Team Penske teammates Joey Logano and Brad Keselowski battled for the lead and eventual win in the closing laps of Monster Energy NASCAR Cup Series race at Las Vegas Motor Speedway on Sunday. For Keselowski, the win would've been a second-straight 2019 victory after he won a week earlier at Las Vegas Motor Speedway and a second-consecutive at LVMS after winning there last September. Instead, Logano drove his #22 Pennzoil-sponsored car to his 22nd-career Cup Series win in the Pennzoil 400.
"What a great race,” Logano said. “Brad and I were so evenly matched, and you just can't pull away. My heart is still running.”
Keselowski followed his Atlanta win with a runner-up showing in Las Vegas.
“I'd like to have one more lap,” Keselowski said. “It was a good battle, and we were both fighting really hard at the top. It seemed like it came down to what the lapped cars were going to do.”
The teammates were first and second after the final round of pit stops completed with 41 laps to go. Keselowski took the lead from Logano with 28 to go, but with 24 laps remaining, Logano took his race-winning final lead of the race.
Kyle Busch finished third in his hometown race after overcoming a pit-road speeding penalty about halfway through the race.
“If we didn’t have the speeding penalty on pit road, we would have won this race, but the guys gave me a great piece, and we were certainly fast there at the end,” Busch said. We were running some of them leaders down and closing in on them running 31-flats, and once I got within the vicinity of them, I just stalled out to 31.40s and couldn’t go any faster in order to gain on them anymore. I would try to go low; they would go low. Try to go high, and they go high, and it’s just an air game. Very frustrating, but overall we had a really fast car. The M&M’s Camry was good and driver threw it away.”

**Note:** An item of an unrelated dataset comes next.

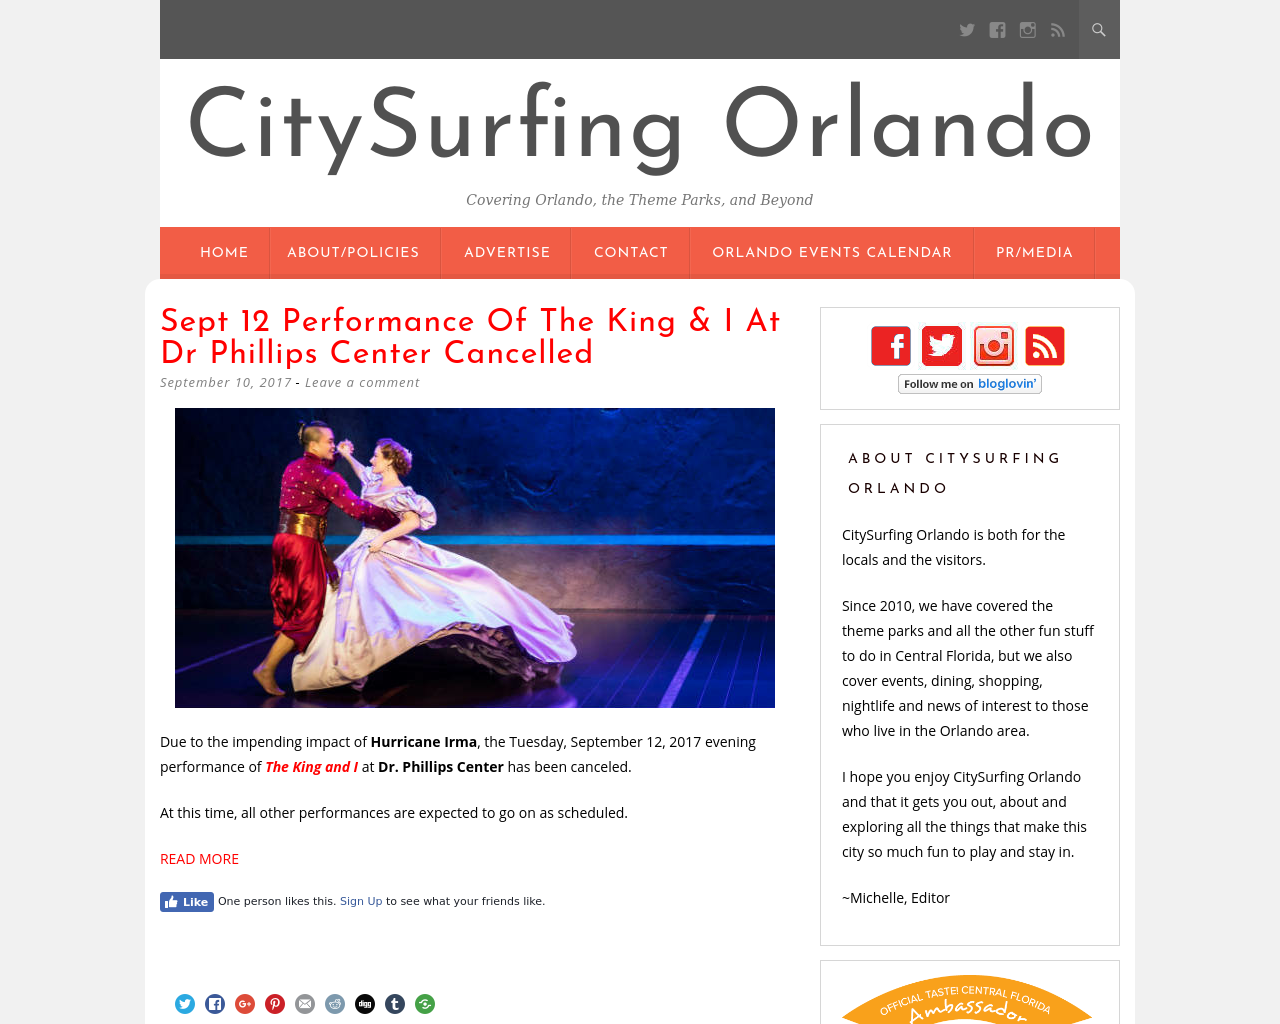 CitySurfing-Orlando-Advertising-Reviews-Pricing
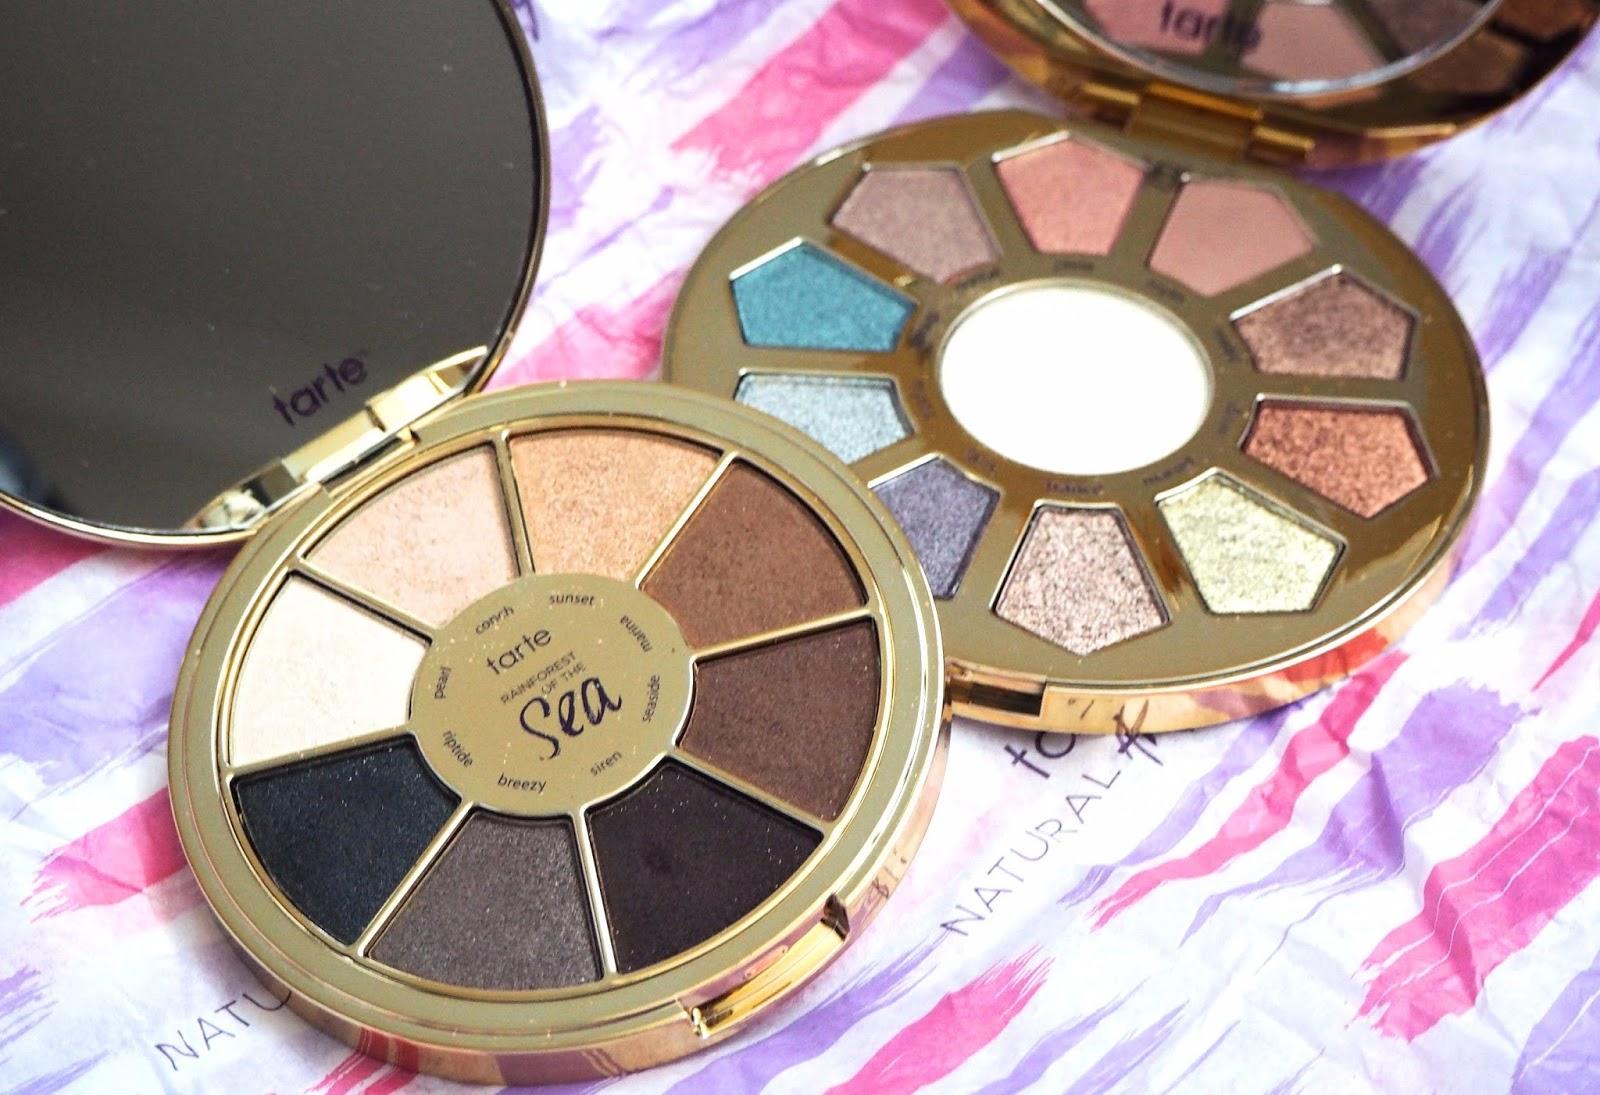 Tarte Eyeshadow Palettes

Defending Pennzoil 400 winner Kevin Harvick was fourth, and Kurt Busch was fifth.
Harvick and Logano dominated the race, with Harvick leading a race-high 88 of the 267 laps that made up the race and Logano leading 86. They were also the winners of the two 80-lap stages that made up the first 160 laps of the race, with Harvick winning the first stage and Logano the second.
The race ran incident-free. As a result, the yellow flag waved only twice for scheduled cautions that divided the race distance into its three stages. With the lengthy green-flag runs, each stage included a cycle of green-flag pit stops.
Harvick started on the pole and led the first 43 laps before the first cycle of stops. After a lengthy cycle, He returned to the lead with about to laps remaining in the opening stage.
Harvick lost three positions on pit road between the first two stages, one of those to Keselowski after Keselowski took only two tires. After the two-tire stop, Keselowski got out of the pits first and restarted with the lead. He was passed by Logano and Kyle Busch on lap 97, and on lap 121, Busch took the lead.
When the second green-flag cycle of stops completed late in the second stage, Logano was up front and Busch was off the lead lap after his speeding penalty.
Kurt Busch made his green-flag stop late in the second stage, enabling to inherit the lead to restart the final stage up front after staying out.
“I was really happy that we were able to stay out long,” Busch said. ”Around the second stage, we didn’t get any stage points today, but it positioned us well to make a run at the checkers, and we got fifth today. The power of those first few guys, altogether, it’s aero, it’s engine, it’s handling, and that is what we have to work on. I’m really happy with two top-fives to start the year. We are playing it smart. We haven’t had any penalties, and we will just keep chipping away at it. So good day for our Chevy. I think we might be top Chevy again.”
Harvick took the lead from Busch with 80 laps remaining and held on to the position until the final round of pit stops.
Finishing sixth through 10th were Ricky Stenhouse Jr., Aric Almirola, Martin Truex Jr., Chase Elliott and Denny Hamlin.